This is an automated email from the ASF dual-hosted git repository.
alamb pushed a commit to branch main
in repository https://gitbox.apache.org/repos/asf/datafusion.git
The following commit(s) were added to refs/heads/main by this push:
new 72b855bcfc Fix invalid schema for unions in ViewTables (#15135)
72b855bcfc is described below
commit 72b855bcfca84799982a66f719a7f8d0b6f25faa
Author: Matt Friede <[email protected]>
AuthorDate: Sun Mar 16 06:32:33 2025 -0400
Fix invalid schema for unions in ViewTables (#15135)
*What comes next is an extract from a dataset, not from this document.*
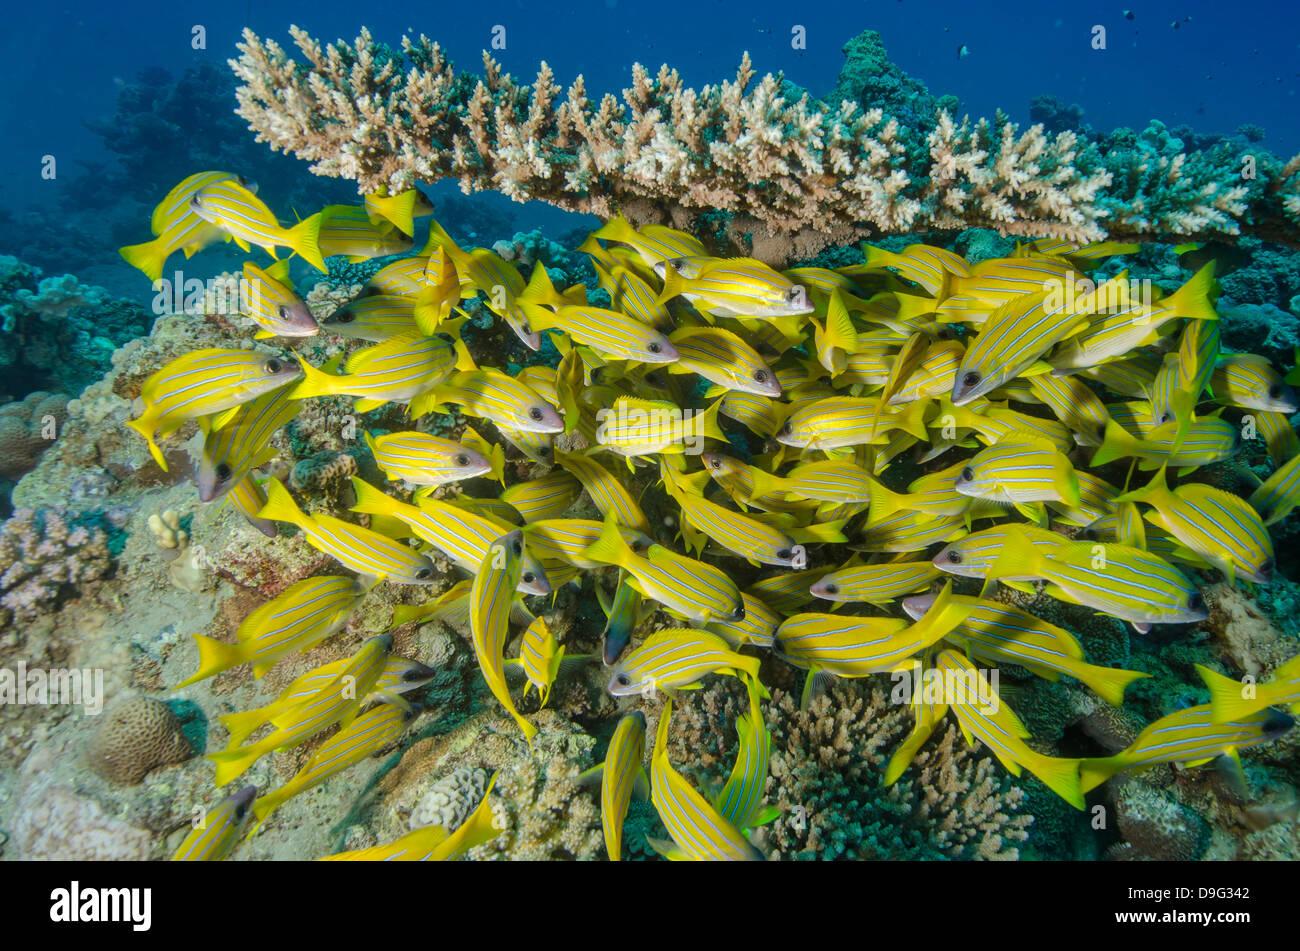 School of blue striped snapper (Lutjanus kasmira) underneath table coral, Naama Bay, Sinai, Red Sea, Egypt, Africa Stock Photo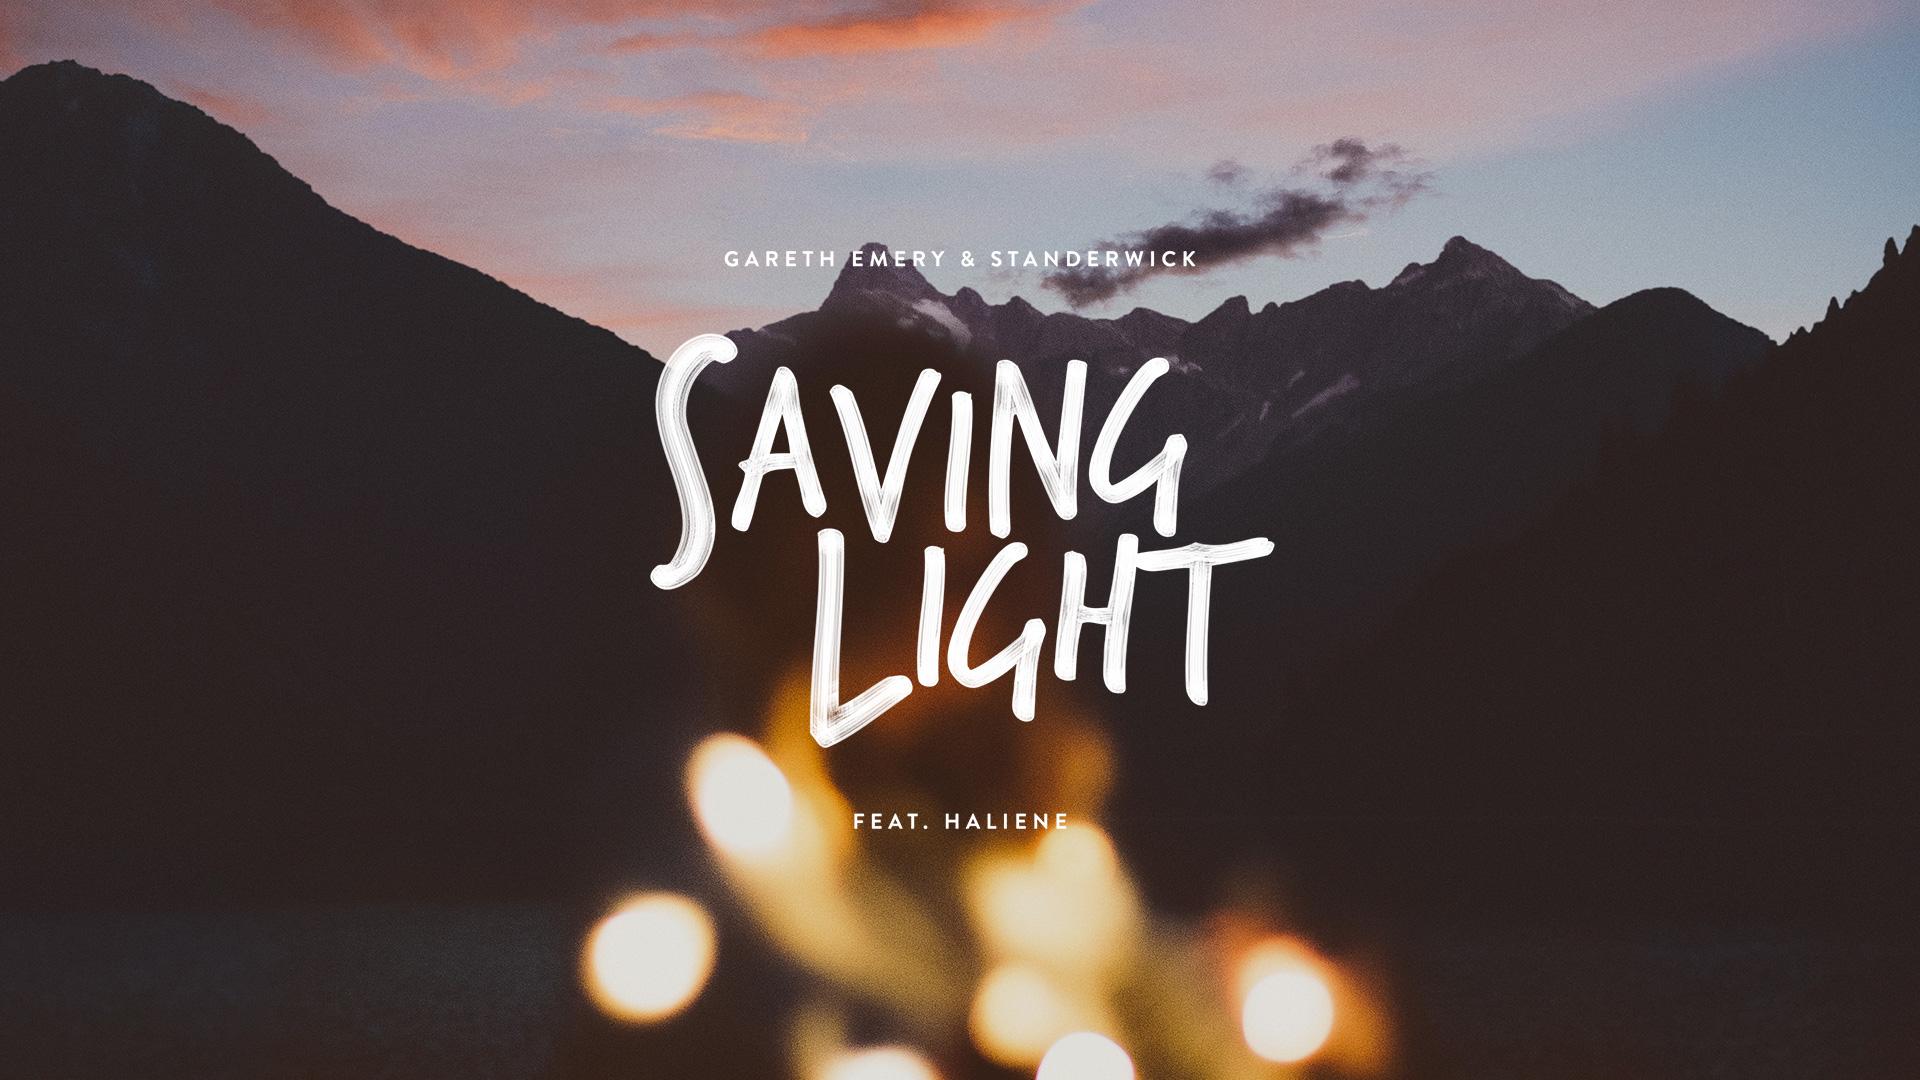 Wallpaper] Gareth Emery Standerwick   Saving Light feat 1920x1080

* Add test for coerce_union_schema
* coerce_union to use its own schema instead of that of the first plan
* Generate unique field names for union schema instead of using table
qualifiers
* Review feedback: avoid cloning schema
* start from union schema when coercing
* cargo fmt
* dont use wildcard in test
* Dont strip qualifiers for sorts over unions
---
datafusion/expr/src/logical_plan/builder.rs | 1 +
datafusion/expr/src/logical_plan/plan.rs | 20 +++++--
datafusion/optimizer/src/analyzer/type_coercion.rs | 62 ++++++++++++++++++---
.../optimizer/src/propagate_empty_relation.rs | 4 +-
datafusion/sqllogictest/test_files/limit.slt | 2 +-
datafusion/sqllogictest/test_files/order.slt | 4 +-
.../sqllogictest/test_files/type_coercion.slt | 2 +-
datafusion/sqllogictest/test_files/union.slt | 65 ++++++++++++++++++++--
.../sqllogictest/test_files/union_by_name.slt | 12 ++--
9 files changed, 142 insertions(+), 30 deletions(-)
diff --git a/datafusion/expr/src/logical_plan/builder.rs
b/datafusion/expr/src/logical_plan/builder.rs
index f506c0671b..605db26553 100644
--- a/datafusion/expr/src/logical_plan/builder.rs
+++ b/datafusion/expr/src/logical_plan/builder.rs
@@ -776,6 +776,7 @@ impl LogicalPlanBuilder {
&missing_cols,
is_distinct,
)?;
+
let sort_plan = LogicalPlan::Sort(Sort {
expr: normalize_sorts(sorts, &plan)?,
input: Arc::new(plan),
diff --git a/datafusion/expr/src/logical_plan/plan.rs
b/datafusion/expr/src/logical_plan/plan.rs
index 4196ebf28f..641489b5d9 100644
--- a/datafusion/expr/src/logical_plan/plan.rs
+++ b/datafusion/expr/src/logical_plan/plan.rs
@@ -2817,6 +2817,7 @@ impl Union {
}
}
+ let mut name_counts: HashMap<String, usize> = HashMap::new();
let union_fields = (0..fields_count)
.map(|i| {
let fields = inputs
@@ -2824,7 +2825,8 @@ impl Union {
.map(|input| input.schema().field(i))
.collect::<Vec<_>>();
let first_field = fields[0];
- let name = first_field.name();
+ let base_name = first_field.name().to_string();
+
let data_type = if loose_types {
// TODO apply type coercion here, or document why it's
better to defer
// temporarily use the data type from the left input and
later rely on the analyzer to
@@ -2847,13 +2849,21 @@ impl Union {
)?
};
let nullable = fields.iter().any(|field| field.is_nullable());
- let mut field = Field::new(name, data_type.clone(), nullable);
+
+ // Generate unique field name
+ let name = if let Some(count) =
name_counts.get_mut(&base_name) {
+ *count += 1;
+ format!("{}_{}", base_name, count)
+ } else {
+ name_counts.insert(base_name.clone(), 0);
+ base_name
+ };
+
+ let mut field = Field::new(&name, data_type.clone(), nullable);
let field_metadata =
intersect_maps(fields.iter().map(|field|
field.metadata()));
field.set_metadata(field_metadata);
- // TODO reusing table reference from the first schema is
probably wrong
- let table_reference =
first_schema.qualified_field(i).0.cloned();
- Ok((table_reference, Arc::new(field)))
+ Ok((None, Arc::new(field)))
})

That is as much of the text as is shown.